Interact with Andrew on our AoM Forum here.
“You are in possession of an exquisite machine motionlessly buoyant in the softly circulating fluids of your skull. A world-building machine. And psychedelic molecules are the tools for tuning and operating this machine.” Reality Switch Technologies
When I first heard about DMT as a teenager, this astonishing 15-minute psychedelic that could literally transport you to a bizarre hyperdimensional reality teeming with giggling elf-like beings that would dance and sing impossible objects into existence, I’m not sure I really believed it. DMT is like that — it’s hard to take seriously, or at least to understand why people are so keen to rant and rave about it. Until, that is, you get a chance experience it yourself. Terence McKenna often said that there’s only one sure-fire convincer when it comes to DMT: a small glass pipe and a few minutes of your time. And, indeed, within just a few seconds of my very first acrid lungful of DMT vapour a couple of decades ago, I knew without any doubt that this molecule was most certainly to be taken very very seriously. In that instant, unbidden and thoroughly unanticipated,I was confronted with the presence of an intelligence that I had hitherto neither suspected existed nor had any way of predicting could exist. Its immensity, immediacy, and absolute undeniability shocked and horrified me. There was no turning back for me from this point. There was no unseeing what I’d seen. I laid on my bed shaking to my very bones having just discovered — for myself at least — a new world entire. And not just any old new world, but the strangest world I couldn’t possibly have imagined, even with the benefit of the best part of a decade of Terence McKenna lectures under my belt.

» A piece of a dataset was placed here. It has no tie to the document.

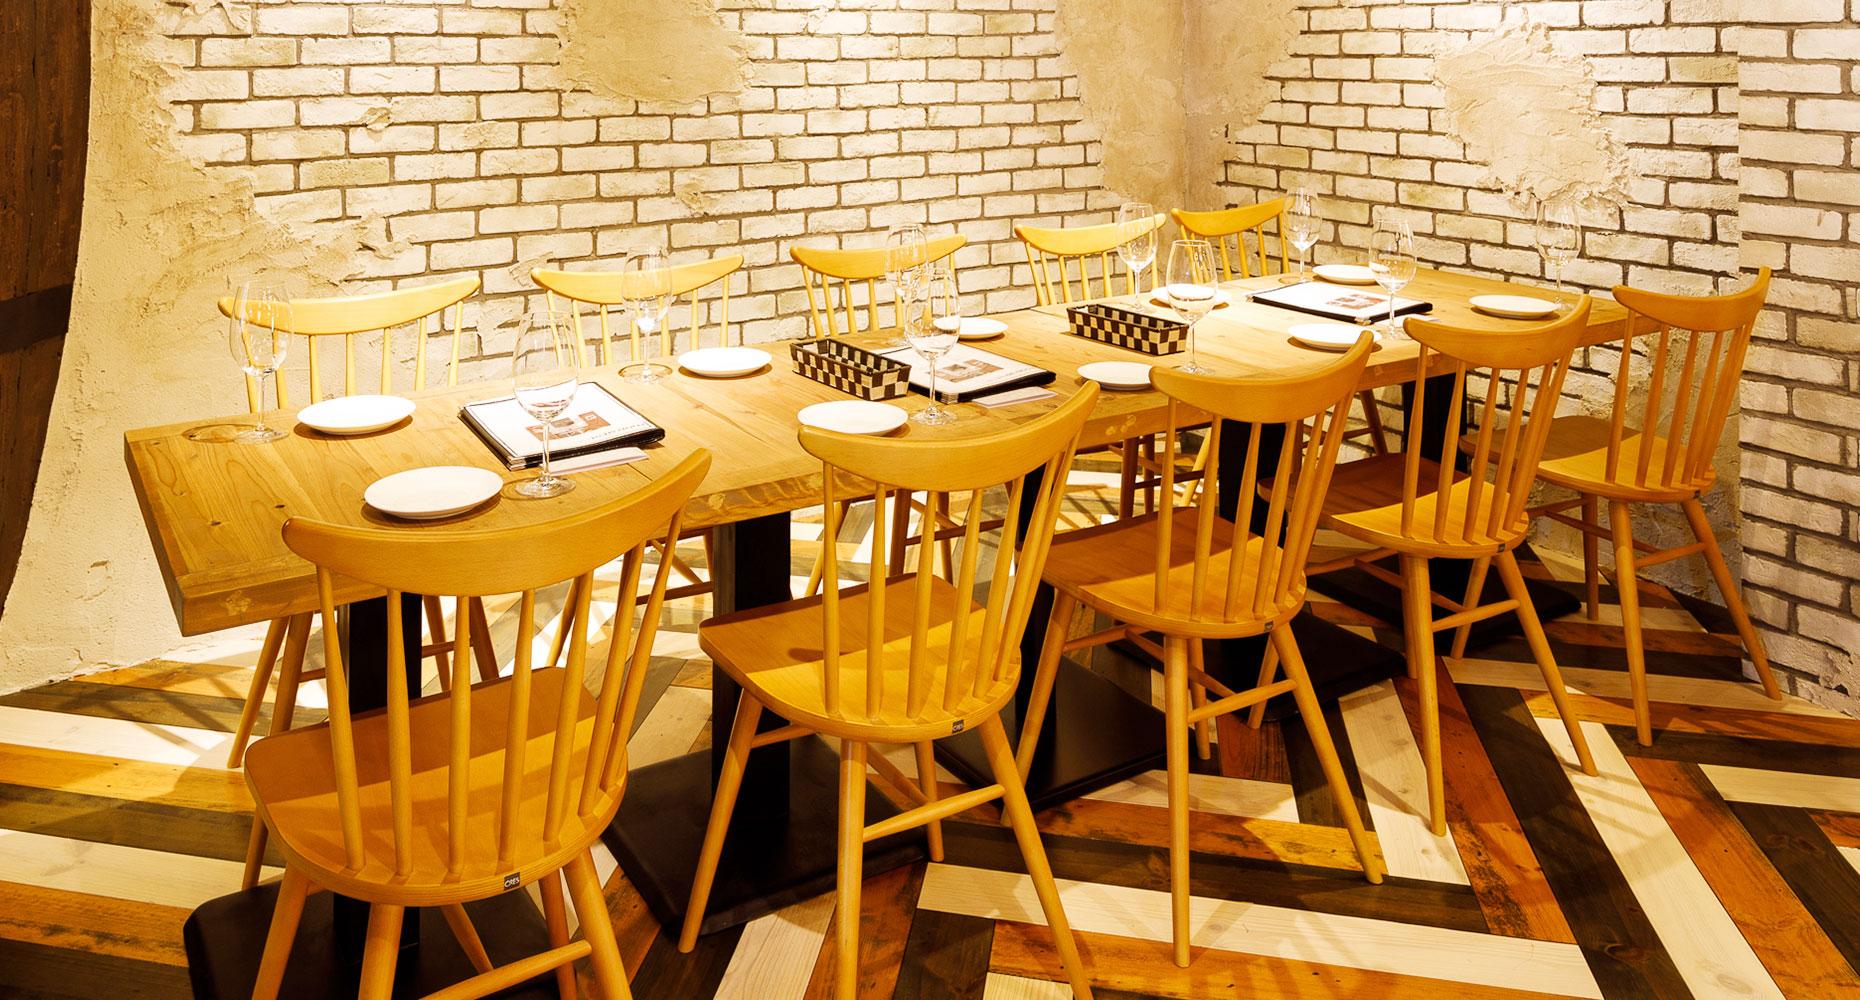 8〜12名様席2ヶ所もあり、気の合う仲間と大切なひとときをお過ごしください。

In the two decades since that night, having decided to devote my life to this molecule and others like it, I’ve come to appreciate that the DMT world, bizarre and frankly miraculous as it is, is but one amongst countless others, the vast majority of which no human has ever imagined, let alone visited. And, what’s more remarkable is that all of these worlds – or “reality channels” – are accessible to each of us, if only we can find the right keys. In my latest book, Reality Switch Technologies: Psychedelics as Tools for the Discovery and Exploration of New Worlds, I explain in unprecedented depth and detail how these “reality channel switches”, operated by psychedelic molecules procured from the environment or synthesised in the laboratory, grant us access to these normally hidden worlds.
Being immersed in a world is a fundamental part of what it means to be human: whether you’re awake, dreaming, or at the peak of a DMT trip, there is always a world — both inner and outer— in every direction. Of course, the extremely bizarre DMT worlds bear no resemblance to the normal waking world1, whereas the dream world is usually much more familiar2. And, indeed, there are other types of worlds that can be experienced: the fragmented worlds of a schizophrenic patient or the utterly ridiculous and often horrifying worlds visited with concentrated Salvia divinorum extracts3. And, beyond even these, endless worlds which we might one day, perhaps in the not too distant future, learn to reach and explore.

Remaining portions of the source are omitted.